Zeyrek Mosque

During the 12th century, the Byzantine Empress Irene and Emperor John II Kommenos commissioned the Pantocrator, a three-church monastic complex, to serve as the dynastic mausoleum for themselves and later Byzantine emperors. In the 14th and 15th centuries, Palaeiologan emperors were also buried in the multi-domed structure in the heart of what is now the old city of Istanbul.
After the Ottoman conquest in 1453, the buildings were converted to a Medresse (Koranic school) and subsequently to a mosque. One part of the Zeyrek Camii is still used for Muslim worship. But the building is situated in a poor neighborhood of immigrants who have little historical and cultural attachment to it. The impressive structure has been allowed to deteriorate in the past. Because the structure remains relatively stable, the most immediate actions required are to secure it from further damage from the weather. Restoration work is on its way but funding is still needed to complete re-roofing, replace all the windows, repair damaged walls, and consolidate interior surfaces.

Zeyrek Mosque is selected as 100 most endangered sites of the world by World Monuments Fund.

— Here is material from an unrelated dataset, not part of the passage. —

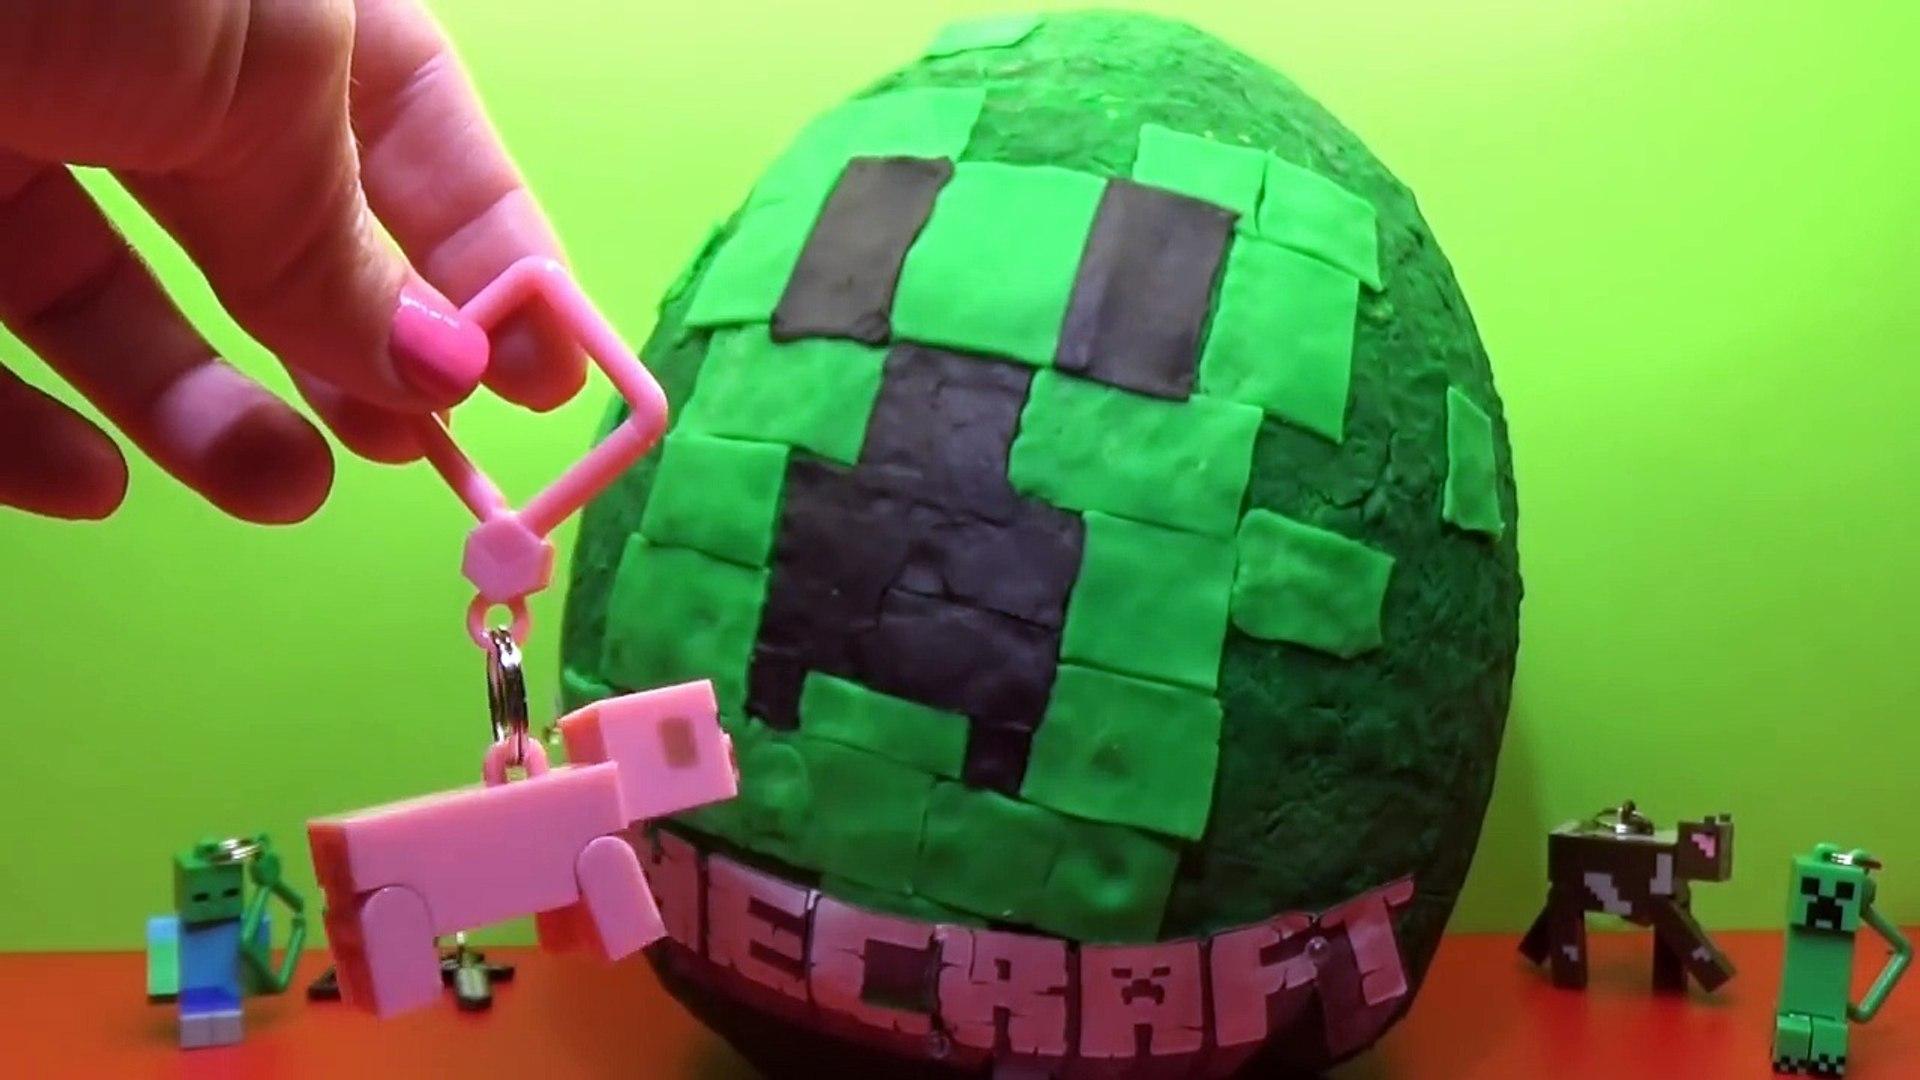 Minecraft gigante juguetes huevo sorpresa Keychaine Minecraft géant jouets surprise, dœufs

In Fatih district at Zeyrek on badethane Street overlooking the Golden Horn, this building, used as a mosque today, was originally the Church of the Pantokrator Monastery bulit by Eirene, the wife of loannes II Kommenos and was one of the largest monasteries of stanbul. Construction was completed in 1136. During the Latin invasion it was seized by Roman Catholic priests.

After the Ottoman conquest of 1453 Sultan Mehmed, the Conqueror had the monastry changed to a Islamic school and the church to a mosque. The first teacher was Molla Zeyrek Mehmed Efendi, the school and mosque taking his name.

It underwent serious repairs at the end of the 18th century. Having been in disrepair for many years, restoration work was started in 1966. There are three buildings all adjacent to each other. The roof is made up of five domes with a single gallery minaret. During restoration work the original floor was discovered and represents one of the best and rarest examples of the craftmanship of the 12th century.